Wednesday, 2 December 2015

Nigeria: Buhari, Zuma to Meet Over MTN's U.S.$5.2 Billion Fine in Nigeria

President Muhammadu Buhari and his South African counterpart, President Jacob Zuma, are to meet in Johannesburg this week to discuss MTN's $5.2billion fine.
This is according to South Africa-based Sunday Times newspaper.
Both leaders are expected to meet and discuss the fine along the sidelines of the Forum of China-Africa Co-operation. The event takes place on December 4-5 at the Sandton Convention Centre.
Sunday Times Newspaper also revealed that the South African Government was concerned about the $5.2 billion fine imposed by Nigerian authorities on MTN Group but said this would not affect relations between the continent's two biggest economies.

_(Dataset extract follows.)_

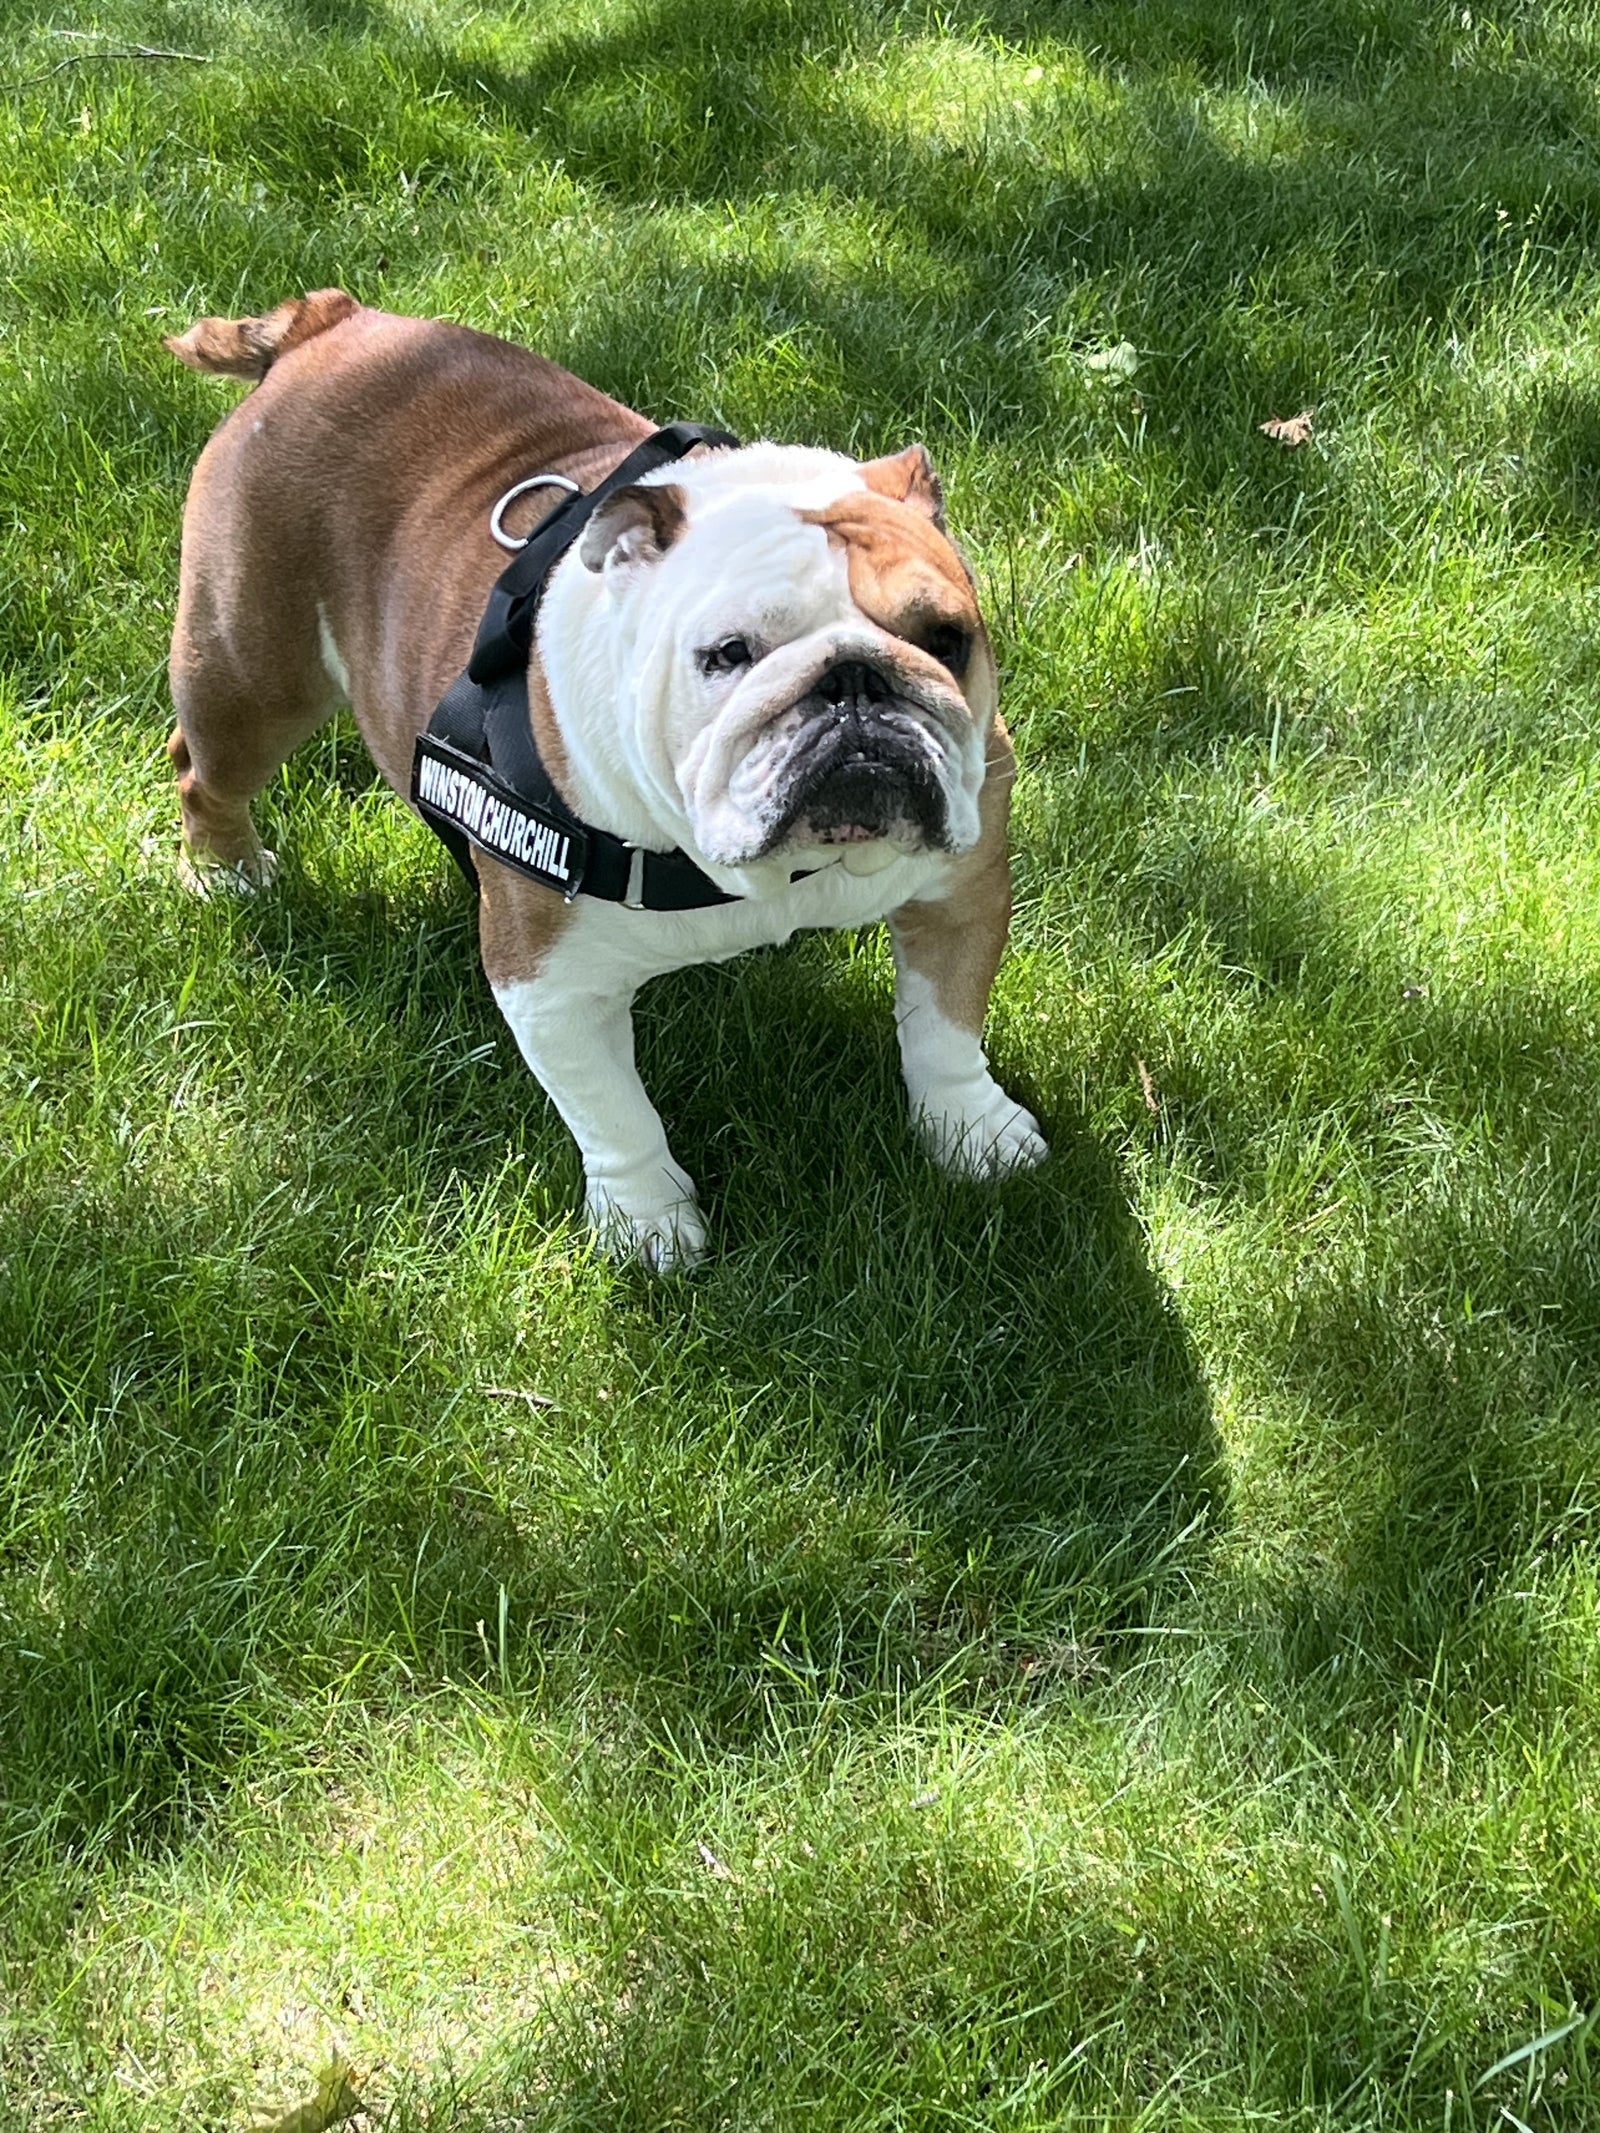 Summer Safety for Bulldogs: Tips to Keep Your Dog Cool and Comfortable

"This issue is between MTN and the Nigerian authority. Obviously as government we are concerned about this matter and we do hope the talks between MTN and the Nigerian authorities bear fruit," Minister in the Presidency Jeff Radebe.
The Nigerian Communications Commission (NCC) fined MTN $5.2billion for failing to disconnect five million unregistered SIM cards in a timely manner. Nigeria's SIM card registration process is designed to curb terror and criminal threats in the country.

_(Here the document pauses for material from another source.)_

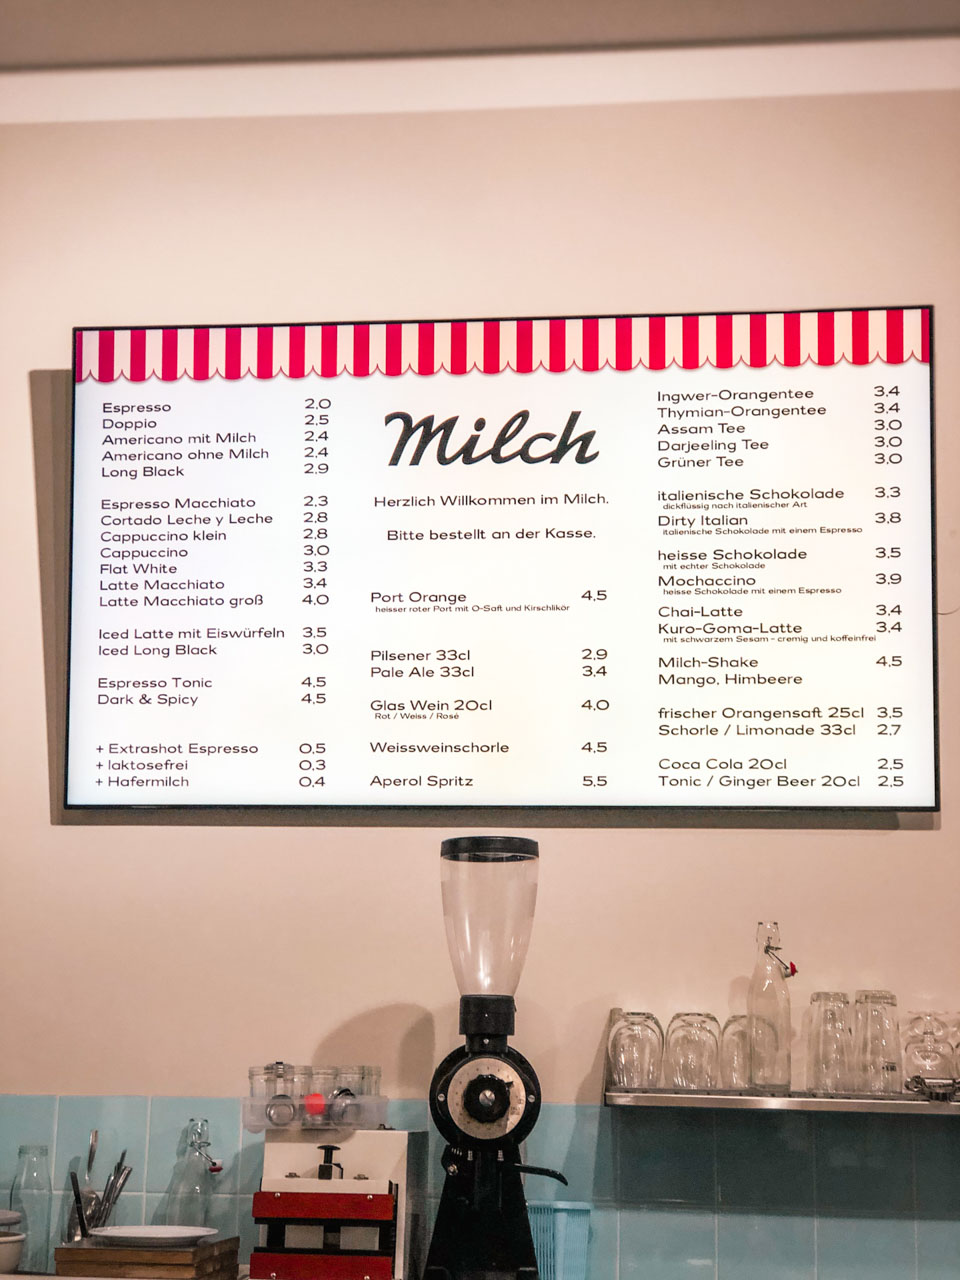 Menu on the wall of Milch café in Hamburg

The fine, which Denmark-based Strand Consult said is the biggest of its kind in history, has rattled the South African headquartered MTN whose share price shed about fifth of its value amid the penalty.

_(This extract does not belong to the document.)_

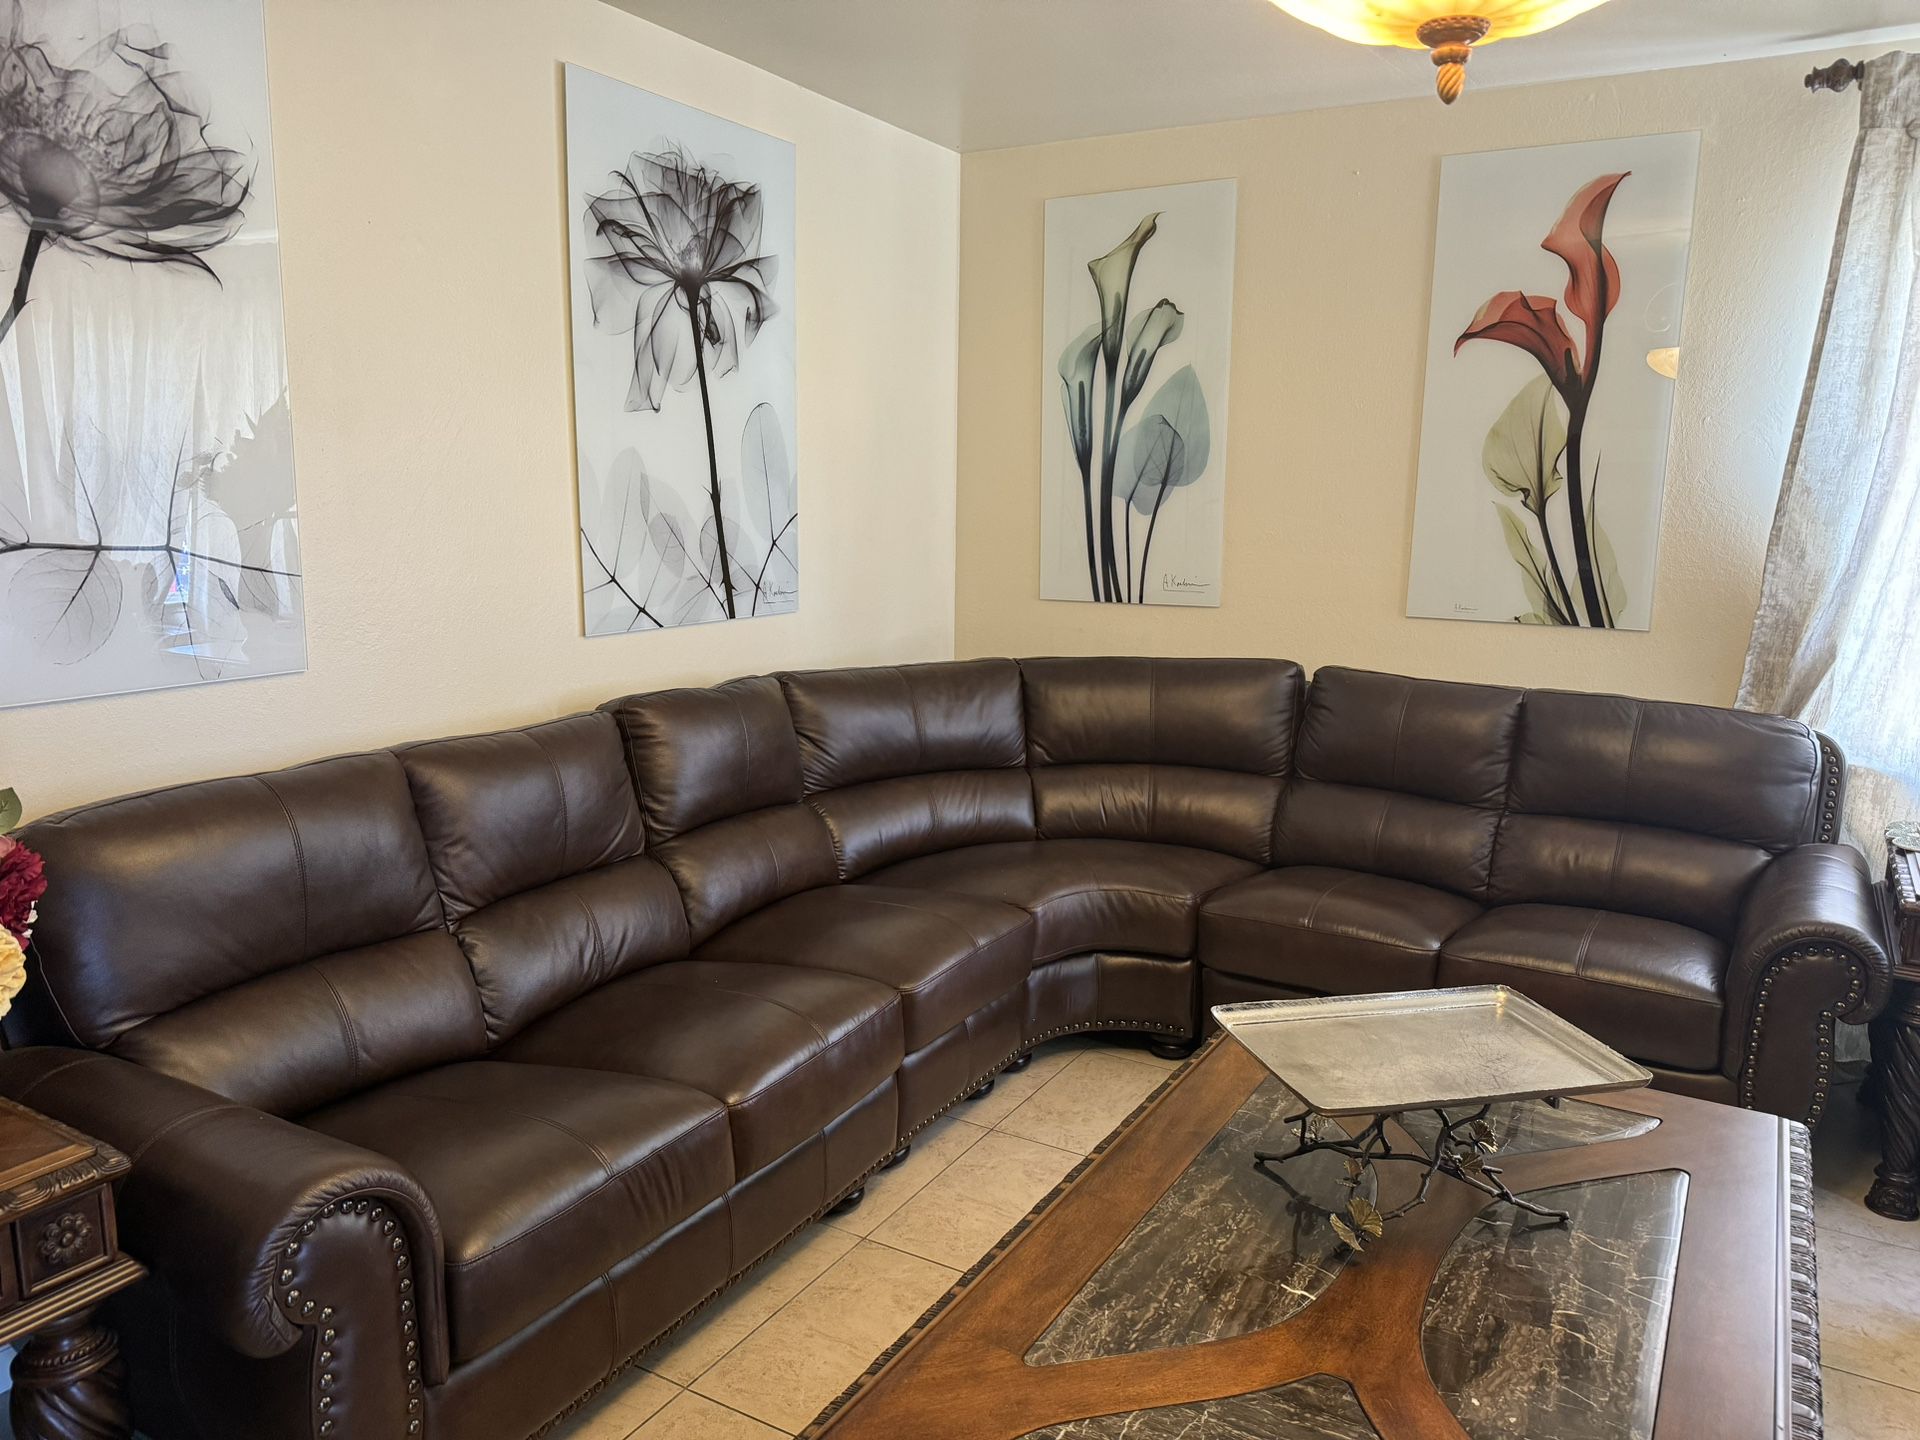 Beautiful set of leather couches

MTN's group chief executive officer, Sifiso Dabengwa, subsequently quit while the company's former CEO, Phuthuma Nhleko, was then appointed as executive chairperson and charged with the responsibility of tackling the fine.
Talks between MTN and the NCC regarding the fine are said to be ongoing with Nhleko having visited Nigeria. The Johannesburg Stock Exchange (JSE) is also investigating MTN for how it announced its fine to shareholders.
MTN is viewed as Africa's biggest mobile phone company with Nigeria being viewed as MTN's biggest market.
Nigeria has been pushing all telecom operators to verify the identity of their subscribers, on concerns that unregistered SIM cards were being used for criminal activity in a country facing an insurgency by Islamic militant group Boko Haram.